Mr. Hosp asks the question: “What if Coinbase goes under and fresh money dries up? What if the extremely young Binance exchange encounters problems? “
He predicts the probability that a large stock exchange will get into serious problems in 2018 at around 25 percent – which will result in a decline of 10 to 15 percent.
One of the top search terms on Google during the price increase last December was “Can I buy Bitcoin with a credit card”. The top location for this search was Nigeria. Bitcoin’s price has fallen sharply since that date, and those credit card bills eventually have to be paid.
Mr. Hosp gives the worst-case scenario associated with this credit risk a probability of 20 to 25 percent with a decline in the crypto market value of 5 to 10 percent.
It is uncommon for concerns to be raised that a single cryptocurrency is being classified as a risk to the entire digital currency family.
However, according to Mr Hosp, the Tether threat is so serious that it can be considered risky enough to be heralded as one of the potential pins that could one day burst the Bitcoin bubble.
Tether is controversial because its price is “pegged” to the dollar. Tether transactions take place at a rate that is fixed in the US dollar.

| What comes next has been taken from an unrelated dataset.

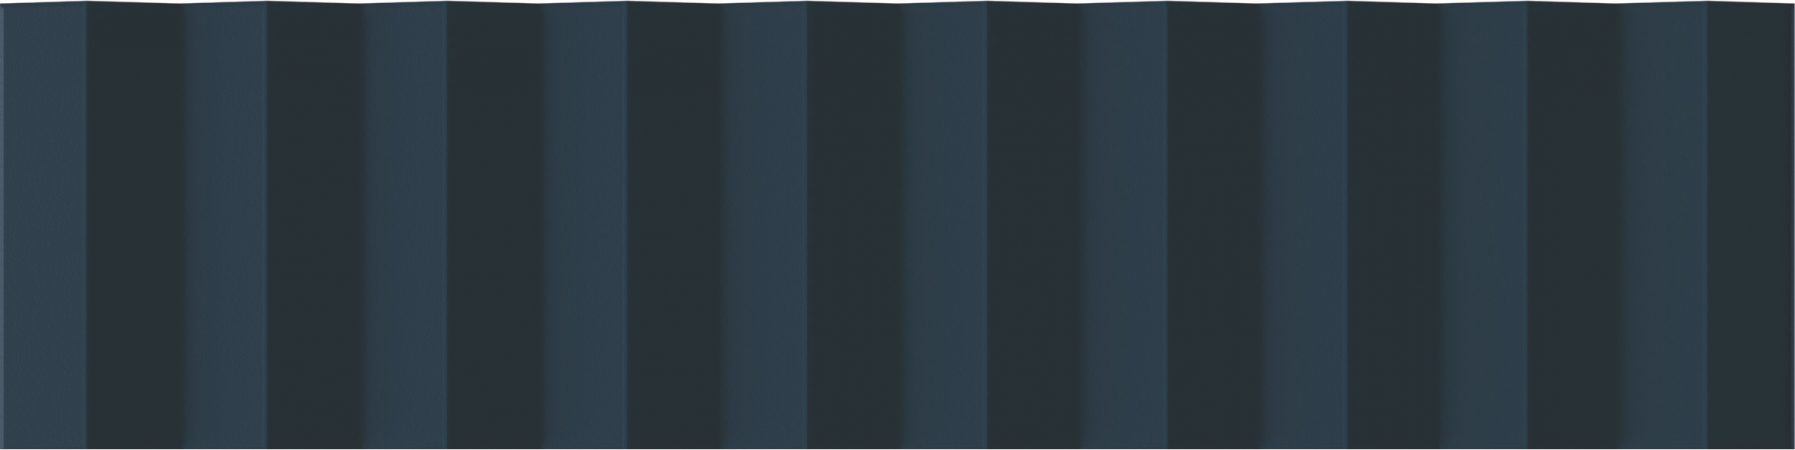 Керамическая плитка Wow Twin Peaks Up Aegean Blue 131548, цвет синий, поверхность матовая 3d (объёмная), под кирпич, 75x300

The founder believes this will allow the currency to avoid government interference and regulatory oversight.
Jacob Frenkel from JP Morgan: Bitcoin should be regulated
But when it comes to market cap (the total value of each token in circulation), a given cryptocurrency might have a market cap of $ 100,000,000, but in reality there is only $ 500,000 of real money – dollars, pounds and euros – in that 100,000. 000 USD flowed and most of this value was amassed by daily price increases.
Tether is different because its market cap of $ 1.6 billion means $ 1.6 billion has gone into it.
The purported and wholly hypothetical risk here is that prices would plummet, possibly to zero, if the market were scared that there was actually no $ 1.6 billion support for the token.
Hosp said, “I only estimated that probability at about 10 percent this year, but I think it would cut the market by about 10-15 percent.”
The author says a single trigger would not have much effect, “but many of the possibilities are interrelated”.
He said, “If a domino starts to fall, it could bring down others – and the probabilities start adding up, potentially dropping the market by the same 80 percent as Mt. Gox did in 2014.”